U.S. equities continued to oscillate aimlessly near the unchanged line on Tuesday in one of the quietest periods on Wall Street in decades. No major catalysts were in play.
The Dow Jones Industrial Average lost 0.2% while the Nasdaq Composite gained 0.3%. Treasury bonds were unchanged, the dollar was stronger, gold lost 0.9% to continue a recent selloff and oil was lower ahead of inventory data down 1.2%. Breadth was negative, with 1.3 decliners for every advancer on the NYSE. Volume was in-line with recent trends. Consumer discretionary stocks led the way with a 0.5% gain while utilities lost 0.9%.
The complacency is so thick in the air, you could almost cut it with a knife. The CBOE Volatility Index (VIX) — Wall Street’s “fear gauge” — set a record of 12 days under the 11 level. In other words, never before have investors felt this comfortable.
Yet it comes at a time when valuations, as measured by the S&P 500 Shiller P/E ratio, have only been higher heading into the 1929 and 2000 market bubbles; when Q2 GDP growth expectations are already being marked down after a pitiful 0.7% Q1 performance; and earnings expectations are rolling over as the labor market tightens, energy and commodity prices move lower and all that post-election optimism fails to translate into actual spending as evidenced by weak retail sales.
Investors are poised for some disappointment as the second quarter rolls on and these realities start to bite. They got a taste of this after the close when Walt Disney Co (NYSE:DIS) reported mixed results. Earnings of $1.50 beat the $1.45 analysts were expecting. But revenues of $13.3 billion represented a slight miss on a drag from studio entertainment and consumer products (merchandise sales just aren’t what they used to be).
Ongoing headwinds at ESPN — reflective of broad industry pressure as “cord cutting” ramps up — was a particular focus for investors resulting in a 2.6% decline in DIS shares in extended trading. Ad sales at the channel dropped 5% from last year. That’s boosting the May DIS $114 puts recommended to Edge Pro subscribers to a gain of 125% since recommended on May 2.
On a technical basis, the gap up and reversal lower in the overall market on Tuesday is a classic sign of buying exhaustion. Historically, according to SentimenTrader, during periods of low volatility like now that has presaged market weakness over the couple of weeks that followed.
Wall Street looks poised for further weakness, as the futures market trades lower during the overnight session with the Dow off 23 points.

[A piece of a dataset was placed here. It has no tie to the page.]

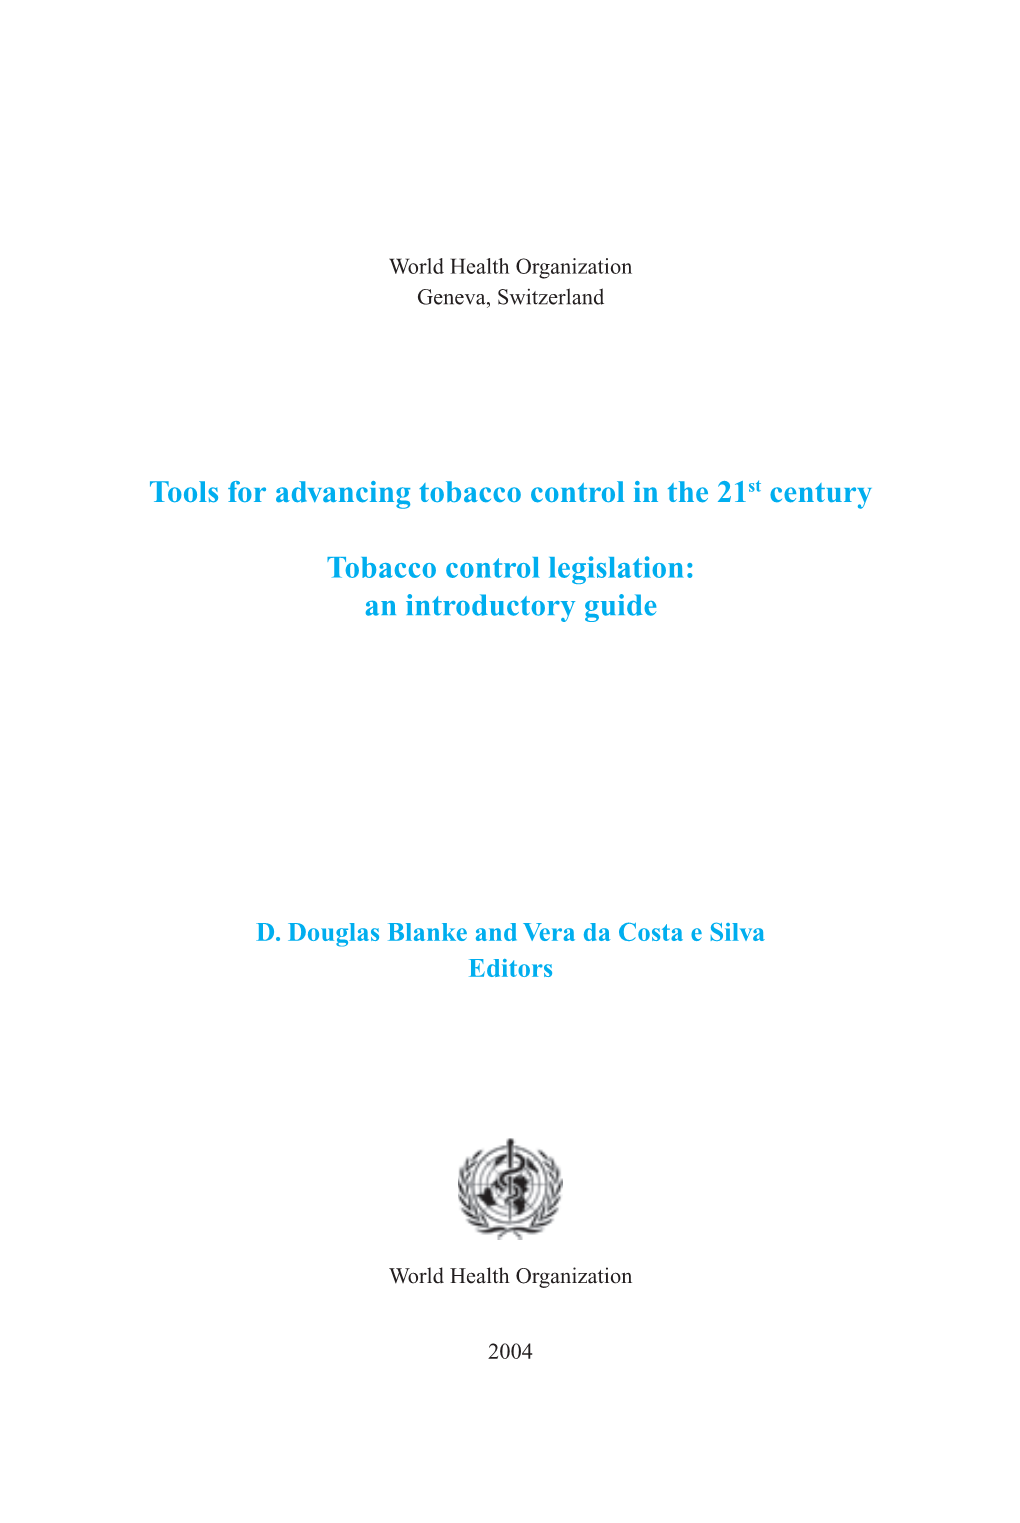 Tobacco Control Legislation: an Introductory Guide

Anthony Mirhaydari is founder of the Edge (ETFs) and Edge Pro (Options) investment advisory newsletters. A two-week and four-week free trial offer has been extended to Investorplace readers. Redeem by clicking the links above.
Today’s Trading Landscape
To see a list of the companies reporting earnings today, click here.
For a list of this week’s economic reports due out, click here.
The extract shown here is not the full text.